FALEC suppress TSCC progression by downregulating ECM1. SCC-9 and CAL-27 cells transfected with pcDNA/pcDNA-FALEC/pcDNA-ECM1 and cells transfected with pcDNA-FALEC followed by transfection with pcDNA-ECM1. After transfection, the cells were analyzed by CCK-8 assays (A), EdU assays (B), Colony formation assays (C) and transwell assays (D).
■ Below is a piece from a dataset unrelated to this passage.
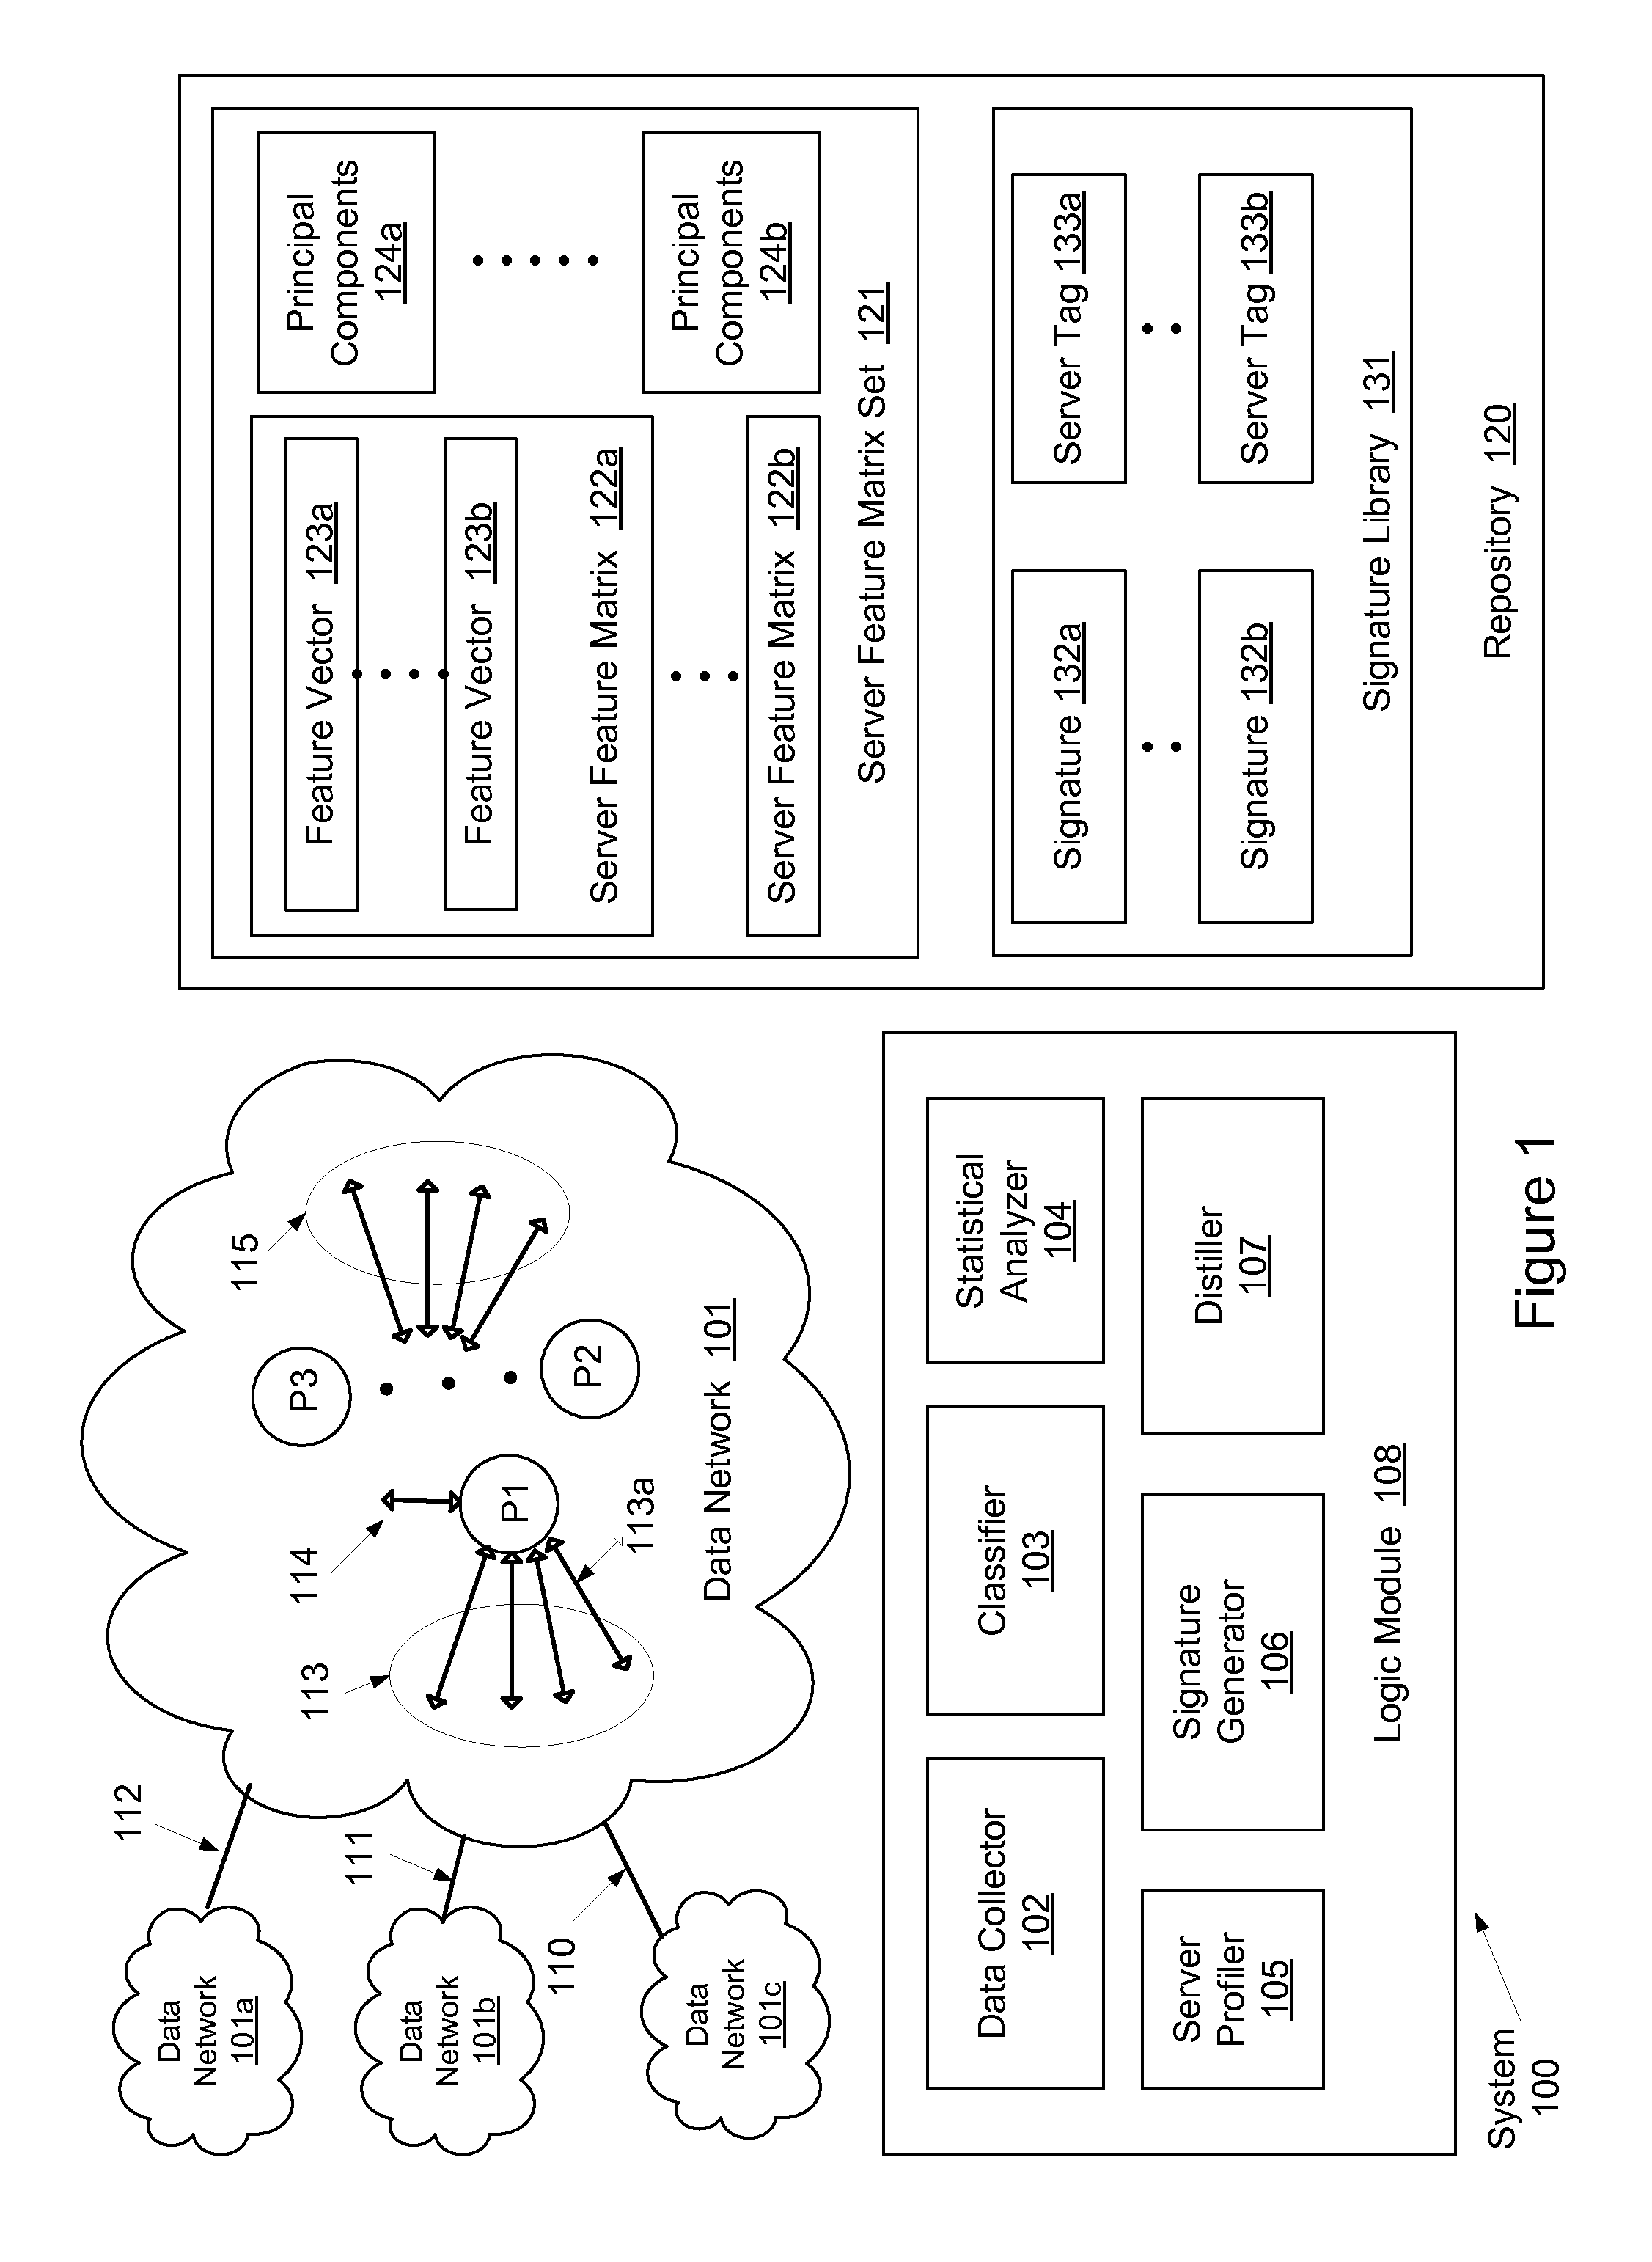 System and method for identifying network applications

Data are shown as means ± SD. *p < 0.05, **p < 0.01, ***p < 0.001.

Figure 7

FALEC Binds with EZH2 to Epigenetically Silence ECM1, Inhibiting Cell Proliferation and Migration in TSCC Cell Lines. (A) Western Blotting of proteins from antisense FALEC and sense FALEC pull-down assays (n=3). (B) RNA immunoprecipitation (RIP) experiments were performed using the EZH2 antibody, and specific primers were used to detect FALEC (n=3). (C) ECM1 level was detected by RT-qPCR in the TSCC cell lines after overexpression or knockdown of EZH2. (D) ECM1 protein level was detected by western blotting in the TSCC cell lines after overexpression or knockdown of EZH2. (E, F) chromatin immunoprecipitation (ChIP) assays of EZH2 and H3K27me3 of the promoter region of the ECM1 locus after FALEC overexpression or knockdown. qPCR was performed to quantify the ChIP assays products. Enrichment was quantified relative to the input controls. IgG antibodies were used as a negative control. Data are shown as means ± SD. *p < 0.05, **p < 0.01, ***p < 0.001.